Personal information
- Full name: Jorge Alberto Francisco Valdano Castellanos
- Date of birth: 4 October 1955 (age 70)
- Place of birth: Las Parejas, Argentina
- Height: 1.88 m (6 ft 2 in)
- Position: Forward

Senior career*
- Years: Team / Apps / (Gls)
- 1973–1975: Newell's Old Boys / 46 / (11)
- 1975–1979: Alavés / 105 / (20)
- 1979–1984: Real Zaragoza / 143 / (46)
- 1984–1987: Real Madrid / 85 / (40)
- Total:  / 379 / (117)

International career
- 1975–1990: Argentina / 23 / (7)

Managerial career
- 1991–1992: Real Madrid (youth)
- 1992–1994: Tenerife
- 1994–1996: Real Madrid
- 1996–1997: Valencia

Medal record
Men's football
Representing Argentina
FIFA World Cup
| Winner | 1986 Mexico |  |

= Jorge Valdano =

Argentine footballer and manager

Jorge Alberto Francisco Valdano Castellanos (born 4 October 1955) is an Argentine former football player, coach, and the former general manager of Real Madrid. He is currently working as a commentator for beIN Sports. Nicknamed The Philosopher of Football, he played as a forward.

With the Argentina national team, Valdano took part at the 1975 Copa América as well as the 1982 and 1986 FIFA World Cups, the latter of which Argentina won. He had a major influence in the 1986 win, scoring four goals in the tournament, including Argentina's second goal against West Germany in the final. In total, he earned 23 caps for his nation between 1975 and 1990, scoring seven goals.
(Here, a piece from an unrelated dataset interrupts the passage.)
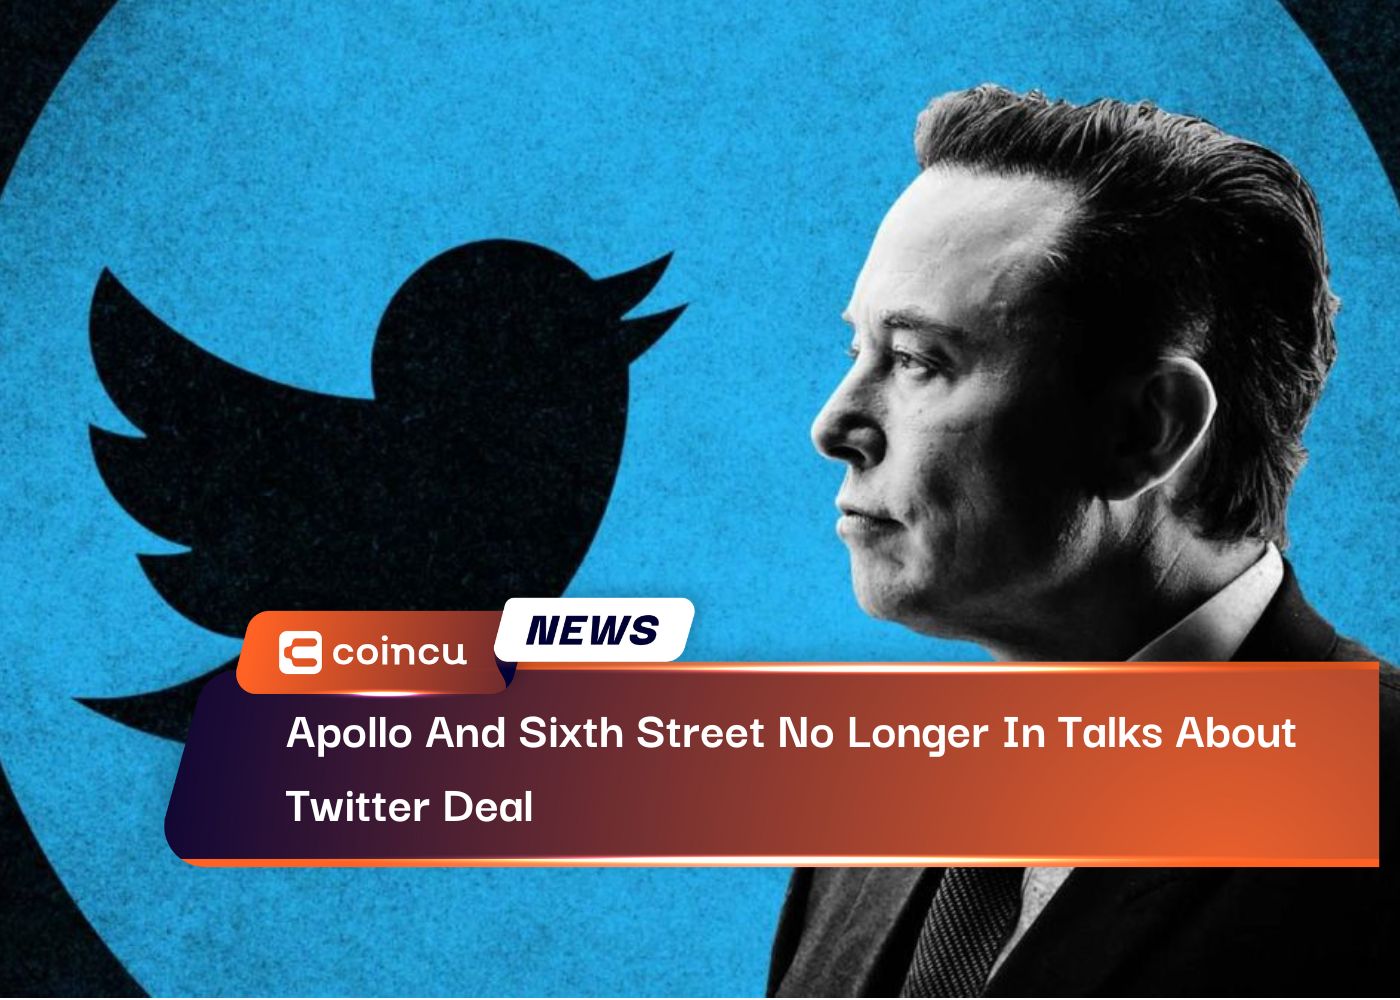 Apollo And Sixth Street - Twitter Deal

Although he initially played for Newell's Old Boys, Alavés and Real Zaragoza, his most successful period at club level was at Real Madrid, where he won La Liga twice, the Copa de la Liga and two UEFA Cups. As a manager, he coached Spanish sides Tenerife, Real Madrid and Valencia. Considered a benchmark for the way he addressed various football clubs, Valdano participated in 2013 at the World Leadership Forum and in the World Business Forum in Mexico City, where he associated the world of sports and business behind it, where he listed the 11 powers of leadership, based on his last book.

==Playing career==

===Club===
Valdano started playing when he was 16 years old for Rosario's club Newell's Old Boys, where he also started playing professionally, as well as with the Argentina national football team, in 1972.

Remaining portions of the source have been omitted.